It was in the Russian Tea Room that Toby and I first noted a curious fashion among Satirevians. About a quarter of them wore sweatshirts emblazoned with a Valentine-style heart poised above the initials H.E.A.R.T. “HEART, what’s that?” my son asked Martina one evening as we were plowing through a particularly outrageous ice-cream treat—a concoction Norbert had dubbed “A Month of Sundaes.”

“It’s a kind of club—the members get together and talk about philosophy,” Martina replied. “You know what philosophy is, Toby?”

“No.”

“The
H
stands for Happiness, the
E
for Equals.”

“And the
A
,
R,
and
T
?”
asked Toby.

“Art, Reason, and Truth.”

H.E.A.R.T. It was, Martina explained after Toby went to bed, an organization the year-rounders had formed for the sake of, as she put it, “thinking good thoughts about your son and thereby hastening his cure.” HEART, the Healing and Ecstasy Association for the Recovery of Toby. They met every Tuesday evening. They were planning to start a newsletter.

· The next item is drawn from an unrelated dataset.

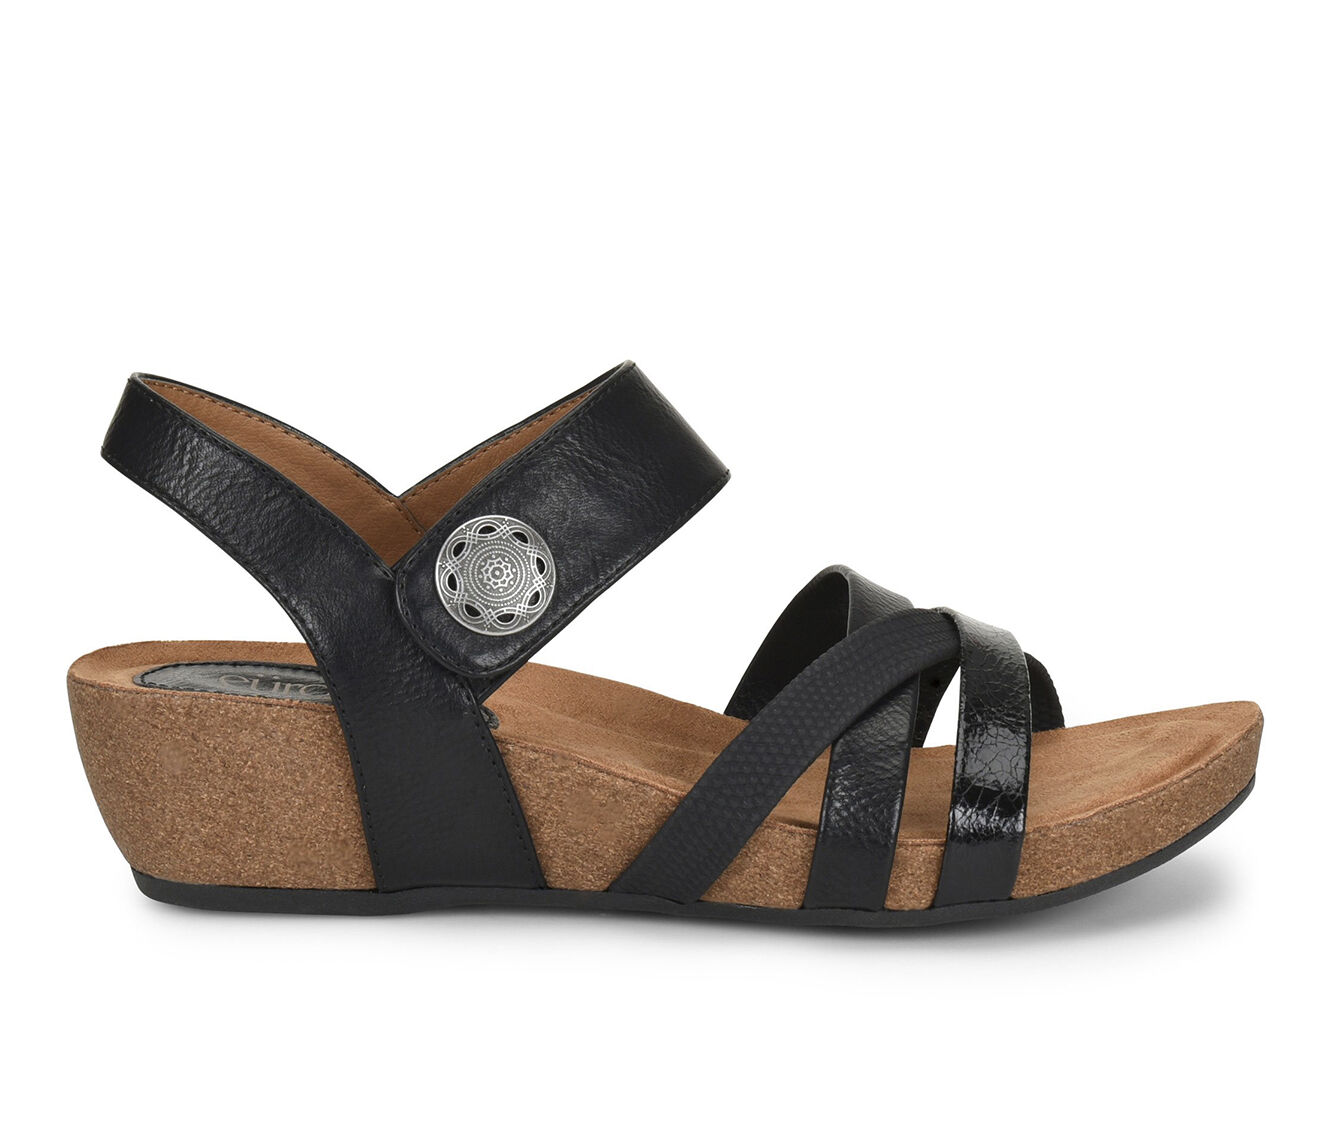 purchase cheap Women's EuroSoft Renae Strappy Wedge Sandals Black

I had never been so profoundly moved, so totally touched, in my life. My soul sang, my throat got hard as a crab apple. “Martina, that’s
terrific.
Why didn’t you tell me about HEART?”

“Because it gives me the creeps, that’s why.”

“The creeps?”

“Your son is sick, Jack.
Sick.
He’s going to need more than HEART. He’s going to need…well, a miracle.”

“HEART
is
a miracle, Martina. Don’t you get it? It
is
a miracle.”

* * * *

There is nothing quite so exhilarating as spending large amounts of time with your child, and nothing quite so tedious. I’ll be honest: when Martina offered to relieve me of Toby for an hour or two—she wanted to help him find specimens for his miniature zoo—I told her to take all day. Even Sleeping Beauty’s father, I’m sure, grew bored with her on occasion.

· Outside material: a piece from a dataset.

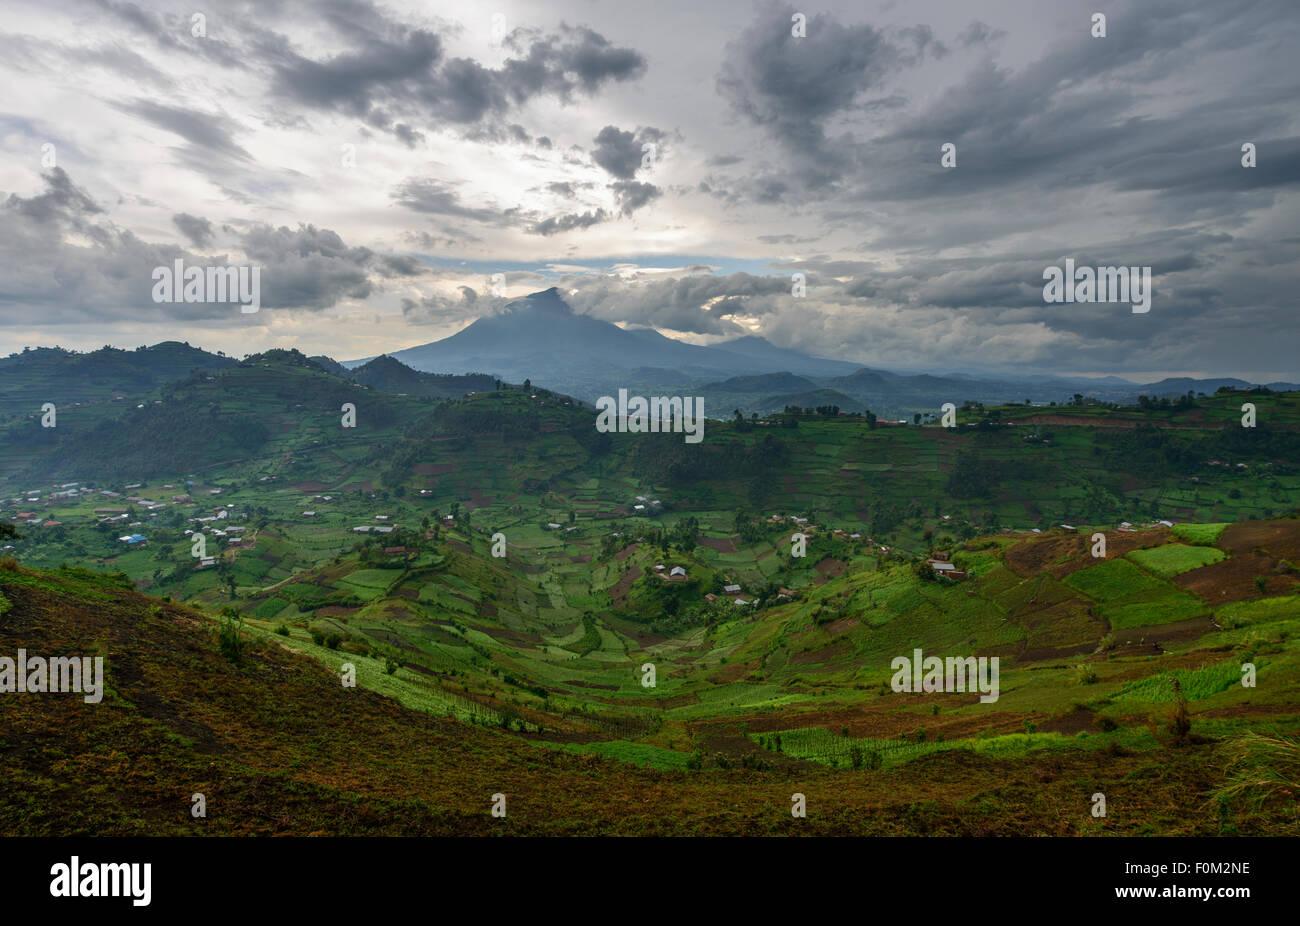 Las montañas Virunga, Uganda, África Imagen De Stock

It was an hour past his bedtime when Toby returned to the Paradise, laden with the day’s haul—a dozen bottles and cages filled with rubbery newts, glutinous salamanders, spiky centipedes, and disgruntled tree frogs whose cries sounded like bicycle bells.

He could not enjoy them.

“Dad, I don’t feel so good,” he said, setting the various terrariums on the coffee table.

“Oh?” So here it comes, I thought. Now it begins. “What do you mean?”

“My head hurts.” Toby clutched his belly. “And my stomach. Is it those germs, Dad?”

“Just remember, in the long run they can’t hurt you.”

“ ’Cause of my immune system?”

“Smart boy.”

Toby woke up repeatedly that night, his temperature lurching toward 103, flesh trembling, bones rattling, teeth chattering. He sweated like a bill-picker laboring in the money orchards. I had to change the sheets four times. They stank of brine.

“I think we’d better drop by the hospital tomorrow,” I told him.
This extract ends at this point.